Dan hesitates as he enters our apartment, as if a lion might be lurking around a corner. He’s half-right—my mom can be pretty fierce when she’s angry. I guess I prefer angry to the years when she was withdrawn or just plain sad.

Dan turns and hands me the bouquet of daisies he’d hidden behind his back. “You’d better hold onto these, Berry,” he whispers. “If I give them to your mother, she’ll probably throw them in my face.”

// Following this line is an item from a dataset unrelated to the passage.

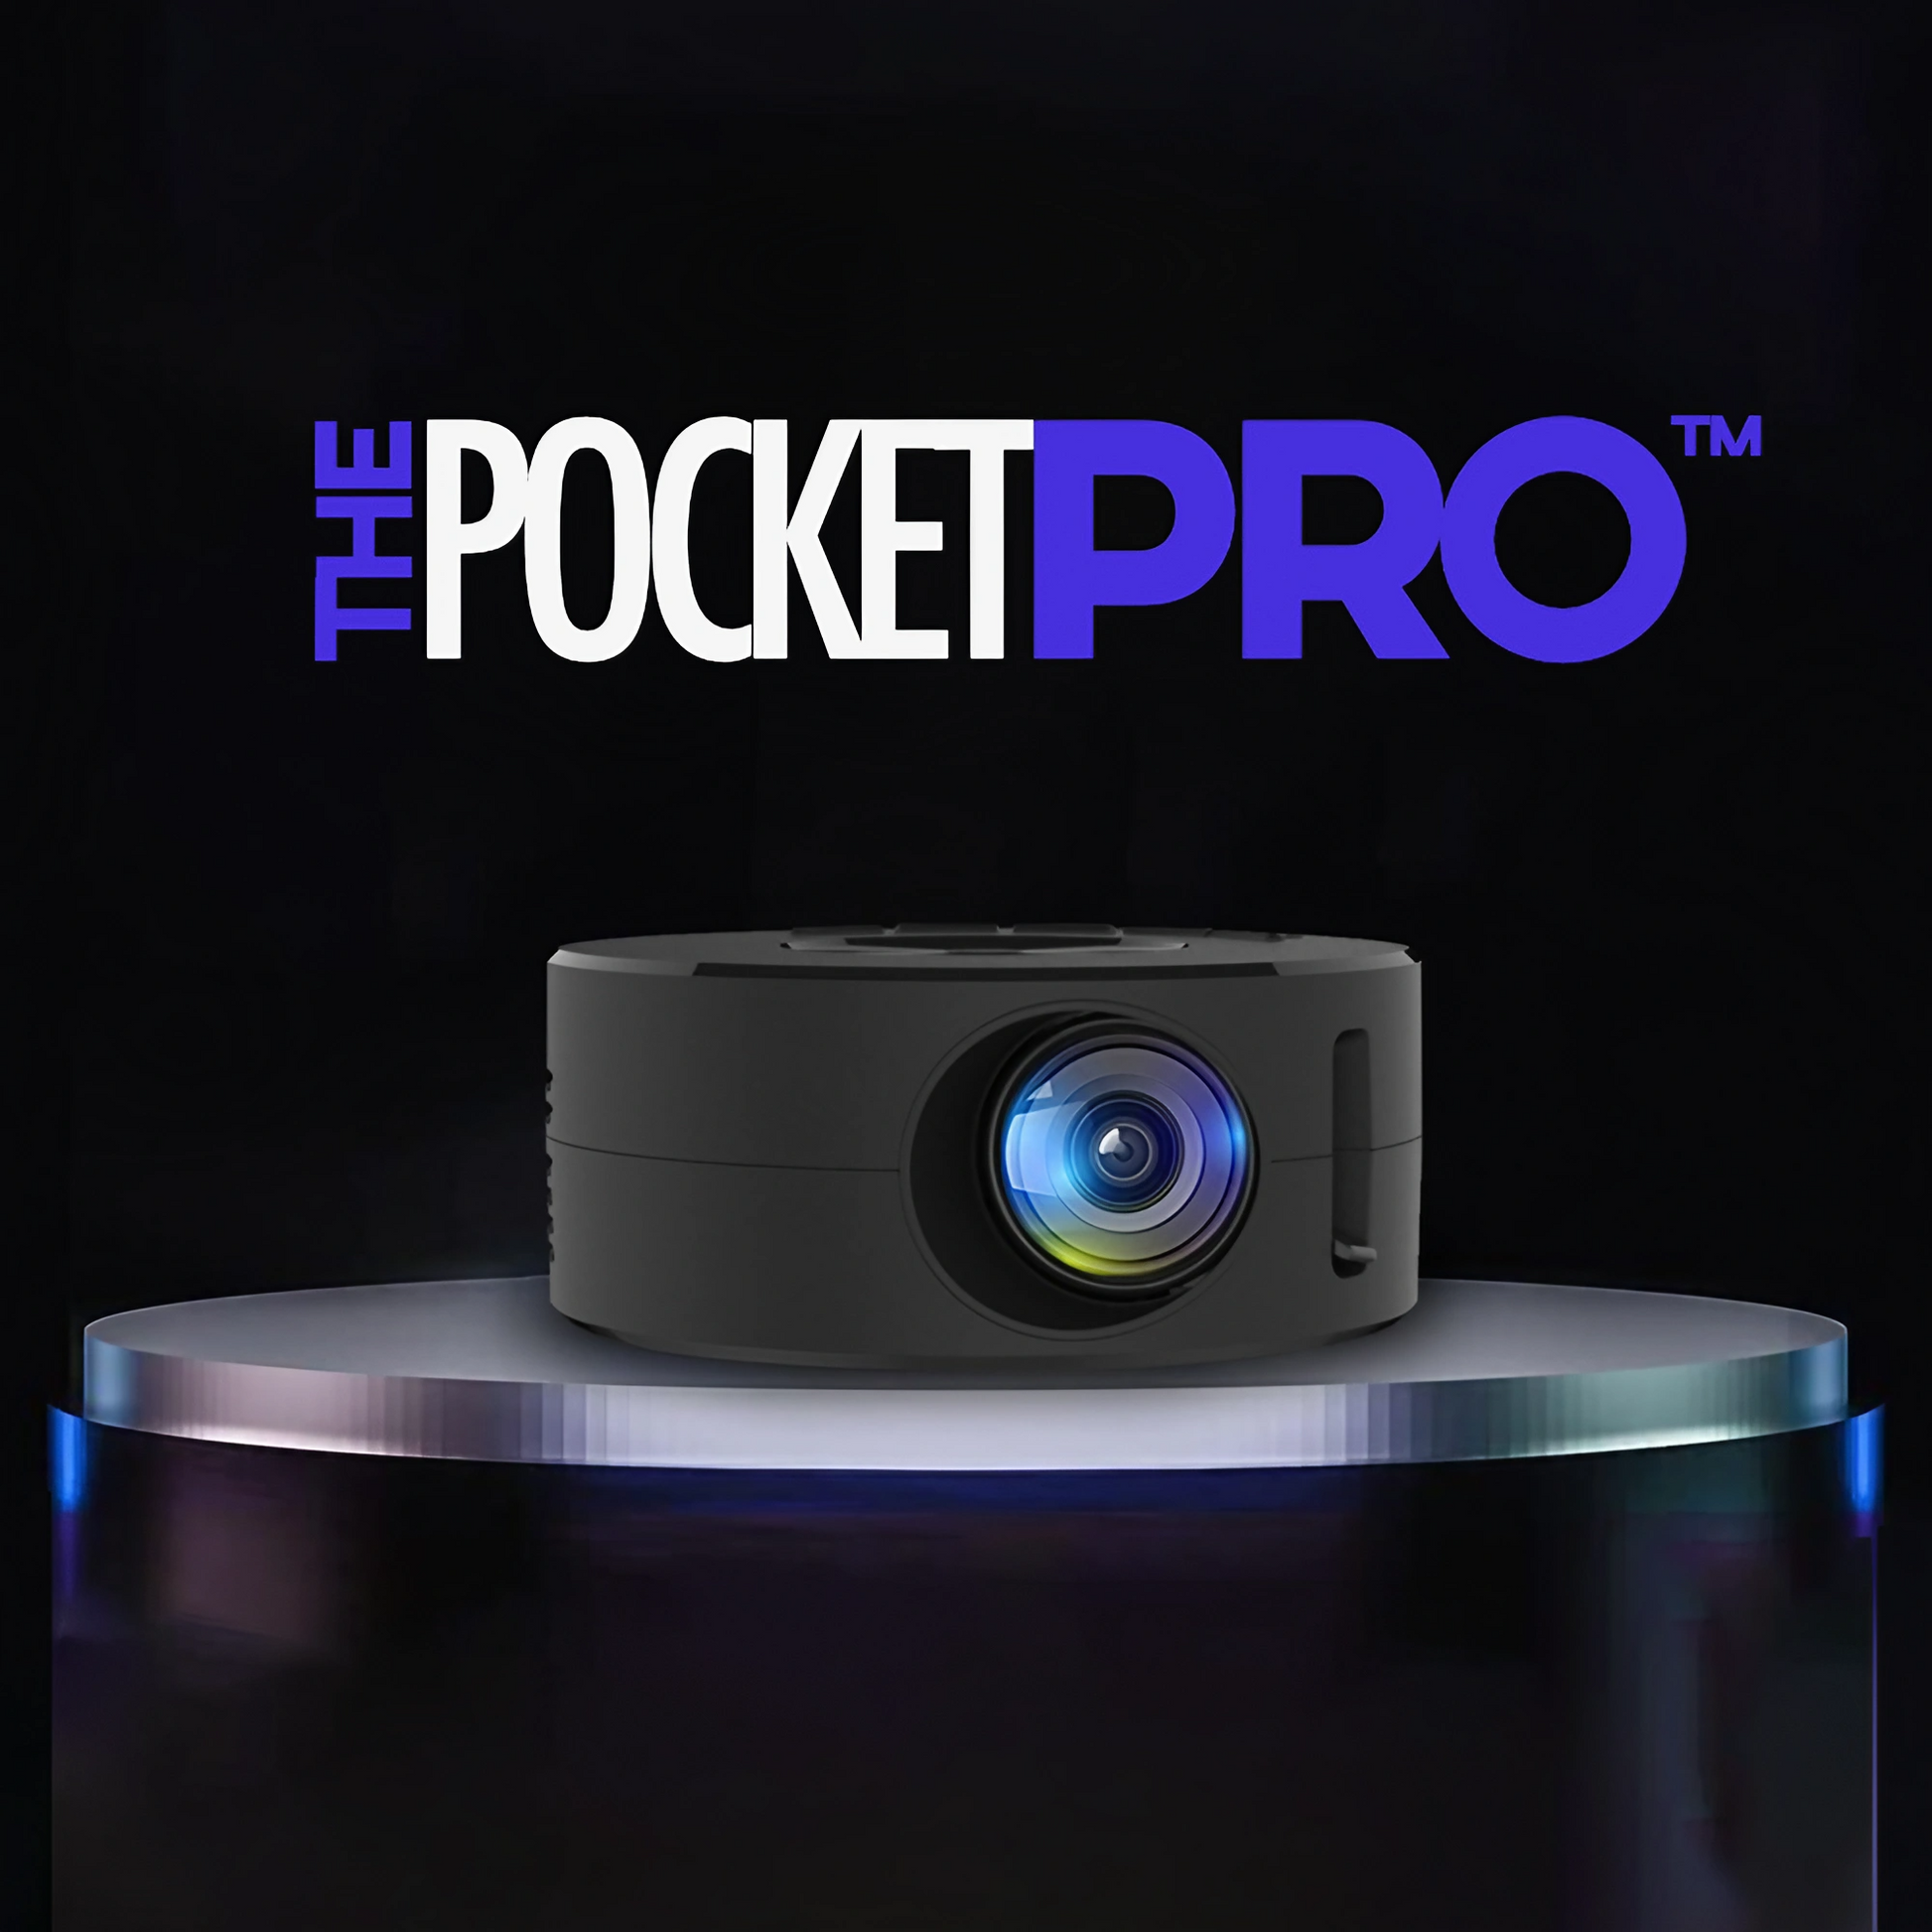 The PocketPro's™ sleek and compact design is perfect for portability and easy storage, making it your go-to entertainment gadget.

My mom rounds the corner from the kitchen, her face pinched with anger. “What makes you think you can just come in here and take my daughter away? What makes you think you can fly back into our lives after all this time?”

“I tried to call you,” Dan protests.

“And I didn’t call you back. That should have been all you needed to know.”

“Meredith, I didn’t mean to disappear. When I came to Eugene, you wouldn’t see me.”

“But then you stopped coming. Or calling. So what makes you think I want to see you now?” My mom’s blinking fast and I can tell she’s trying not to cry.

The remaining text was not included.